Recommended Read – Texas CEO magazine interviewed our good friend Mike Ramirez on Personal Protection.

In 2020, personal and diplomatic security protection isn’t just for heads of state. Increasingly, businesspeople are enlisting the help and services of professionals like Mike Ramirez, who provide personal and executive security protection in dangerous situations and places, whether at a conference abroad or in a warzone. We asked Ramirez to tell us about his job—and what business leaders should know about it.

Texas CEO Magazine: How did you get into the profession of personal protection?

Ramirez: I grew up about an hour southeast of San Antonio in a small town called Kenedy, Texas. From a young age I always knew that I wanted to be a Marine. In my senior year of high school, I contacted a recruiter who then came to talk to me about the Marine Corps at my parents’ house. After about an hour of the recruiter telling me all about what the Marine Corps had to offer and all the places I would get to travel to, I signed my contract, and the path to where I am today began. I spent the next four years as an Infantry Marine and a Security Force Marine. In the mid-1990s, I got my first taste of military personal protection while on a special duty assignment providing armed protection for a high-ranking officer. At that time, it wasn’t called “personal protection”—you were just a military enlisted man assigned to an officer because their rank warranted protection by a Marine.

After four years in the Marine Corps, I came back to Texas and went to work for the Texas Department of Corrections. I worked in a maximum-security state penitentiary in my hometown of Kenedy. My first year, I worked in administrative segregation, where offenders are locked up 23 hours a day because of hostile behavior or because they had threats on their lives. You’re worried about your own personal protection at that point. Needless to say, it was not a very cordial environment, but I learned a lot in my first year at the penitentiary. For one, I learned how to read people very quickly and that no two situations are ever the same. Nothing is what it appears to be when you walk into a cell block.

After my first year in administrative segregation, I took another position as a correctional field officer. As a CFO, you ride on horseback every day and take offenders to work out in the fields. The penitentiary I worked at sat on a large amount of land, so the prison used the offenders to do the labor and farm the land. We would take a squad of anywhere from 25 to 50 offenders per field officer and have them plant seeds and harvest crops.

Later, I was promoted to K-9 sergeant. My job was primarily breeding, raising, and training dogs to track humans. If an offender tried to escape from our prison or any other prison, we would deploy our human-tracking dogs to track and capture them. We also assisted local and state police with our K-9s. If they conducted a traffic stop and someone bailed on them, they would call us, and we’d take our dogs out and assist in capturing the suspect.

Texas CEO Magazine: That sounds a little more pleasant than administrative segregation.

Ramirez: It was! It was one of the most rewarding jobs and if I ever win the Lotto, I would go back and do it for free. Getting to ride horses all day and work with dogs was a very rewarding experience.
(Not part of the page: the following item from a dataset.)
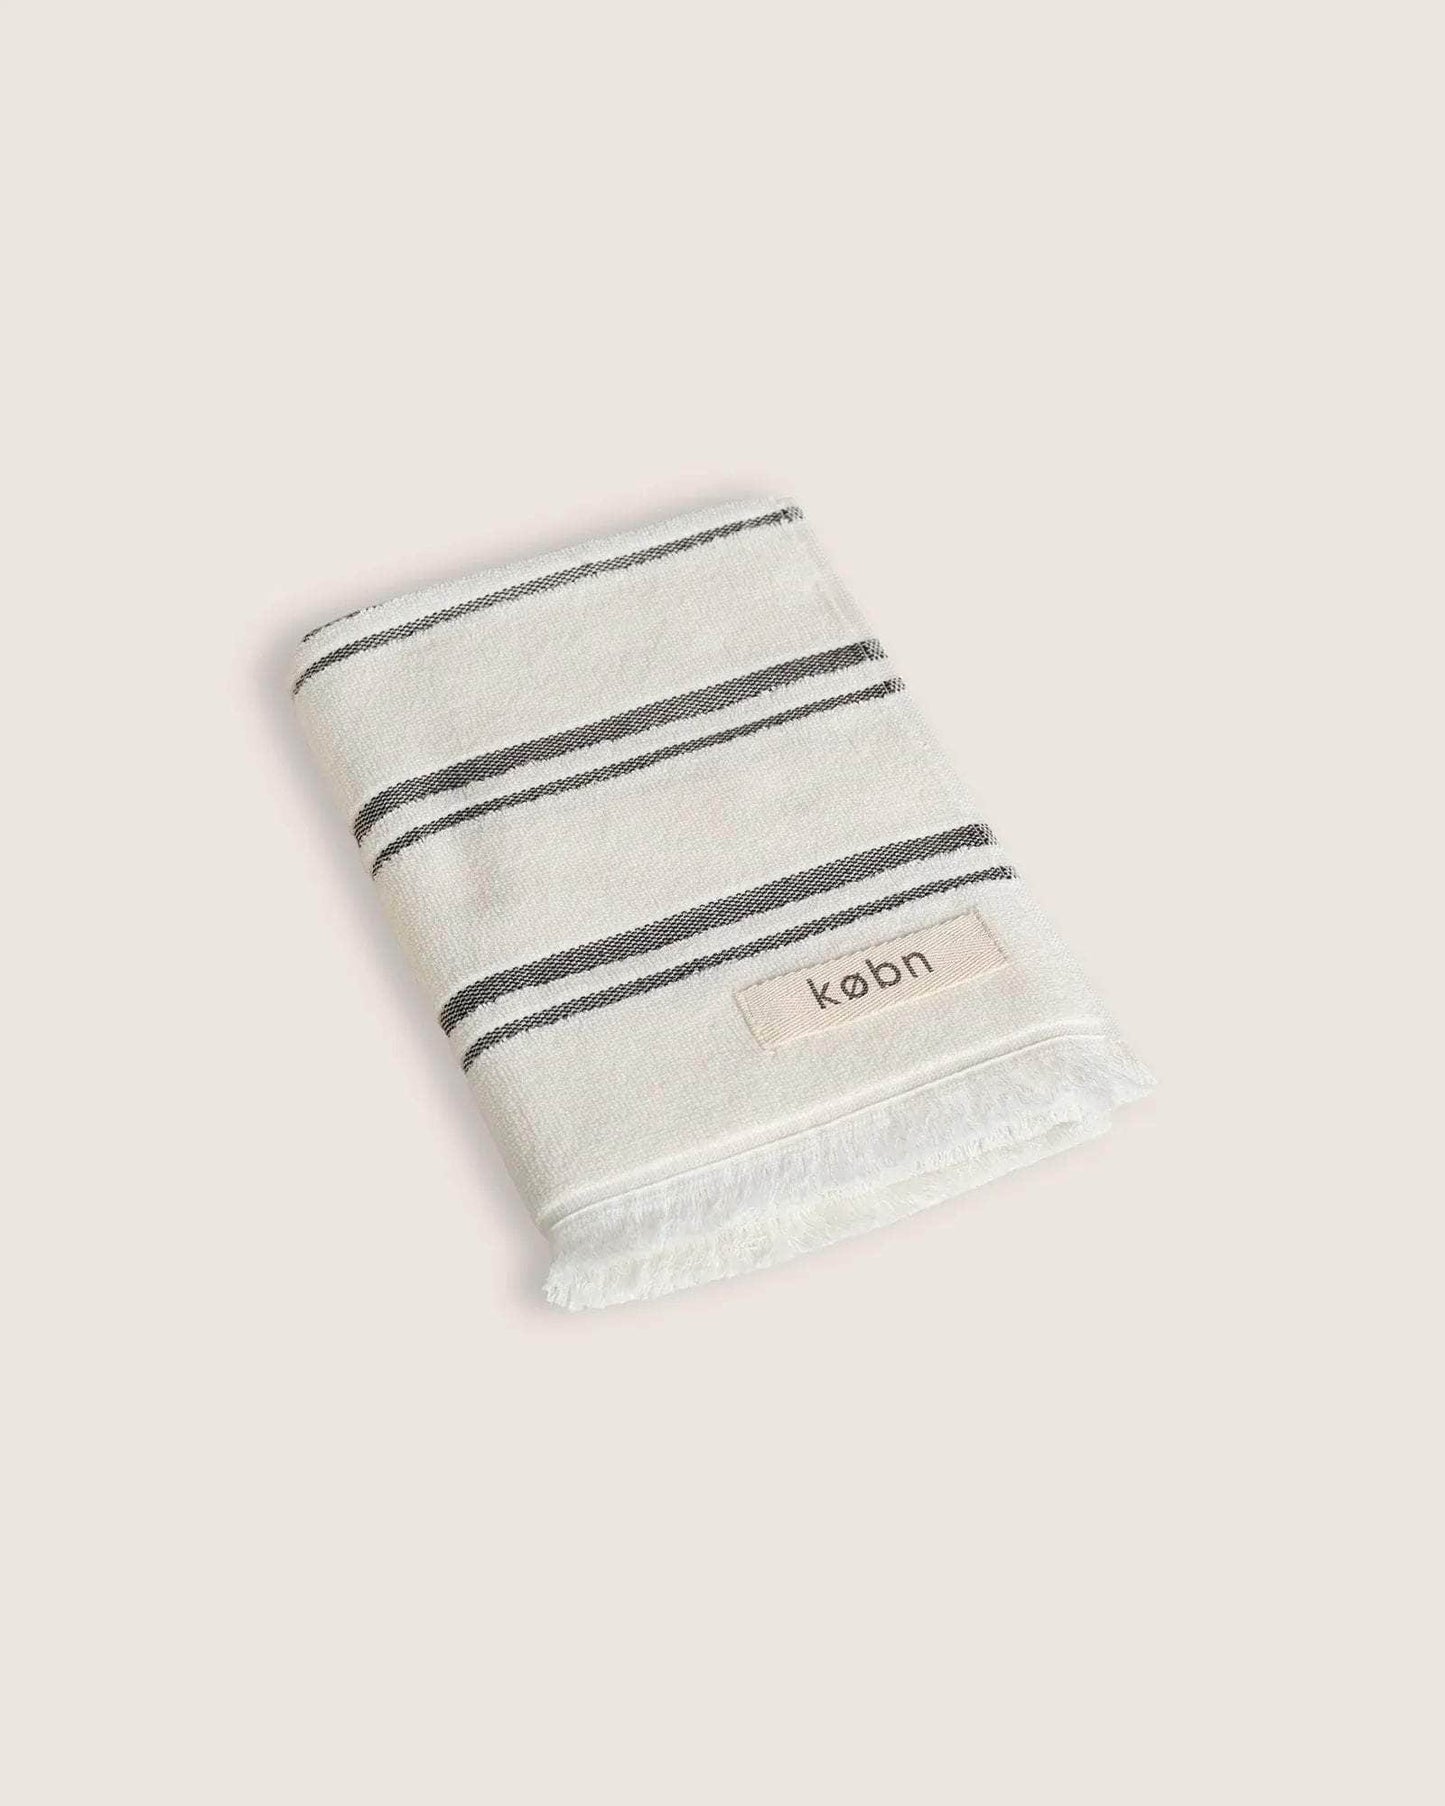 Købn Crema Hand Towel *ON SALE FOR A LIMITED TIME. OFFER ENDS 07 APRIL, 11:59 AEST*

Around 2003, the war in Afghanistan had been going for a couple of years and the war in Iraq had started, I was still working for the penitentiary. I kept in touch with guys I had been in the Marines with. When I shared with them that I was working at a penitentiary, they would say, “Man, that sounds like a dangerous job for not very much money.” They went on to share with me about private military contracting. They informed me that the US government was paying former military guys, like myself, good money for the skills the Marine Corps taught us.
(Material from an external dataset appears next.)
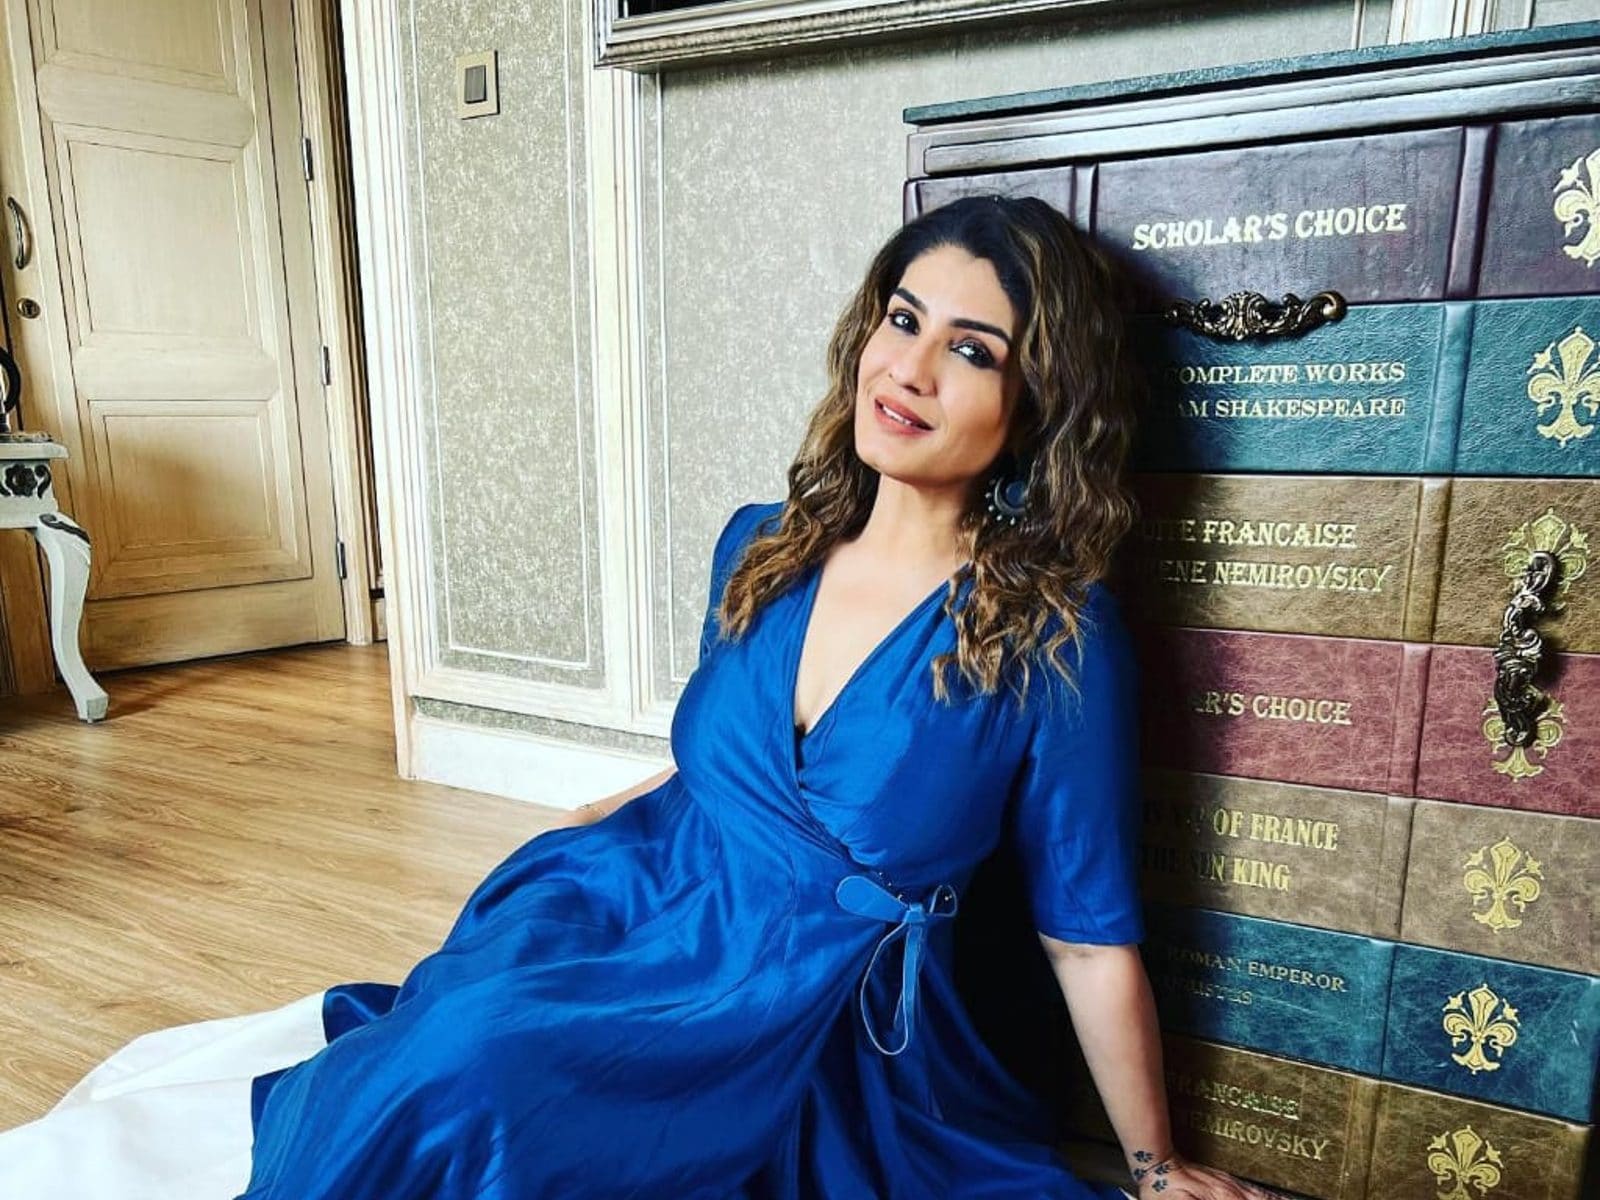 Raveena Tandonxxxx - With Her Gorgeous Dress, Raveena Tandon Is Blazing Blues on Instagram. -  News18

I thought, “Well, I’ll go give it a year, save that money, and come back and decide what I want to do next.” I went through the extreme vetting and grueling selection process, then headed to Iraq. Before I could blink, I’d been there 10 years. My first clients that I provided personal protection for were US civilian contractors who were rebuilding the infrastructure, water-treatment facilities, and power plants that had been damaged in the bombings during the beginning of the Iraq War. From there I went on to providing diplomatic protection for US ambassadors, secretaries of state, diplomats, senators, congresspeople, and many other government officials traveling in, to, and around Iraq.
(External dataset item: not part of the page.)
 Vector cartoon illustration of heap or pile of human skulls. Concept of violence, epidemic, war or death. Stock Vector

We also provided 24/7 protection for the US ambassador assigned out of the embassy in Iraq. We conducted the advance surveys and risk assessments, coordinated the routes we’d be taking, put together evacuation and emergency plans should we come under attack, which we did on many occasions. When the war in Iraq kicked off, there became a need for former military guys like me with special skills to provide protection for designated government officials because our military was doing the offensive missions, tracking down terrorists and fighting the war on terror. Looking for the bad guys wasn’t our job. Our job was to protect those who we were assigned to. We weren’t looking for an engagement. Our job was to get the person we were assigned to protect to their meetings safely, keep them out of harm’s way and return them back to a secure location.